Surge-me um desconforto no sobrolho direito (Não coces), já estou quase a
chegar à porta e sinto o coração a bater na boca, novamente o sobrolho (Não
coces). Pego na chave com a mão direita (Toquei na tampa com a mão esquerda?),
introduzo-a na fechadura e dou uma volta, alegrando-me com o retinir
concordante das engrenagens que me concedem a entrada. Escuso as habituais
saudações e vou direto ao quarto de banho.
Abro
a torneira com a mão direita (Sim, foi com a mão esquerda que lhe toquei),
mergulho mãos ambas no fluxo retemperador da água canalizada, com a mão direita
arranco uma porção de sabão ao doseador e inicio a dança concertada dos dedos.
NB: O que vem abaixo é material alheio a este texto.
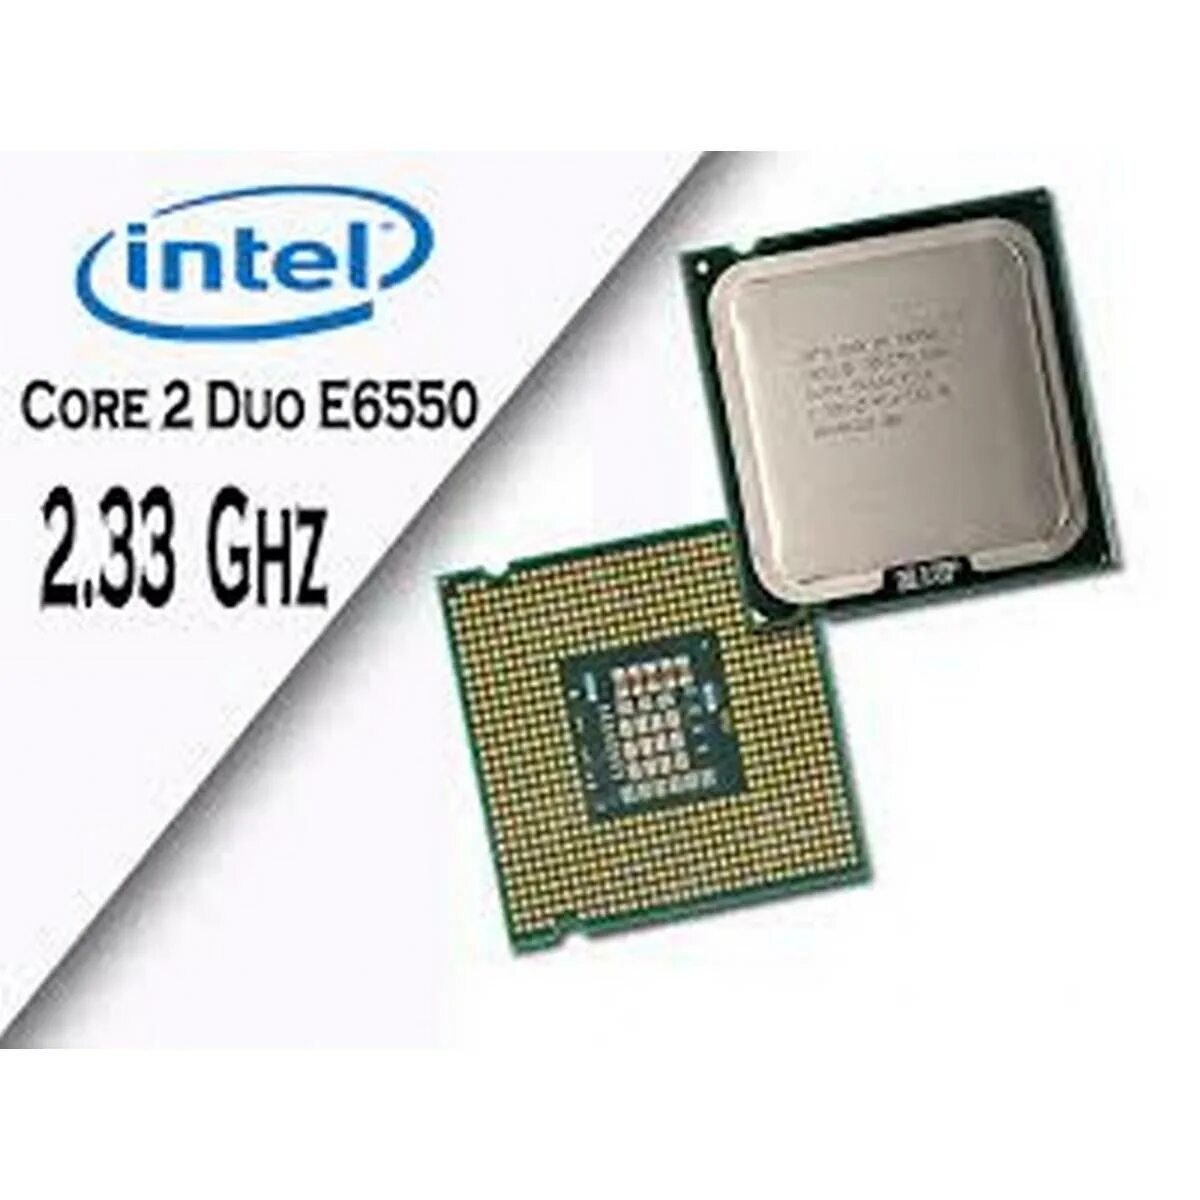 Intel core 2 duo память. Процессор Intel Core 2 Duo. Процессор Intel Core 2 Duo e6550. Intel Core 2 Duo e6550 Conroe lga775, 2 x 2333 МГЦ. Intel Core ТМ 2 е6550.

As mãos enlaçam-se uma na outra e entrançam-se numa orgia de espuma, o aroma
perfumado de orquídeas embebeda-me os sentidos, requebra-me o olhar e o peito
vai, pouco a pouco, deixando escapar o ar que havia feito refém, suspirando de
alívio e de prazer. Abandono a divisão com os humores novamente em equilíbrio,
sentindo-me pleno e em sintonia com estas paredes intocadas e o afago asséptico
do ar que respiro. Dirijo-me à sala e deito-me no sofá. Sinto-me em paz e
deixo-me embalar pelo banho reconfortante dos estofos higienizados. Fecho os
olhos finalmente rendido à segurança do lar, e deixo desfiar a epopeia dos
sonhos que agora acontece na parte de dentro das minhas pálpebras.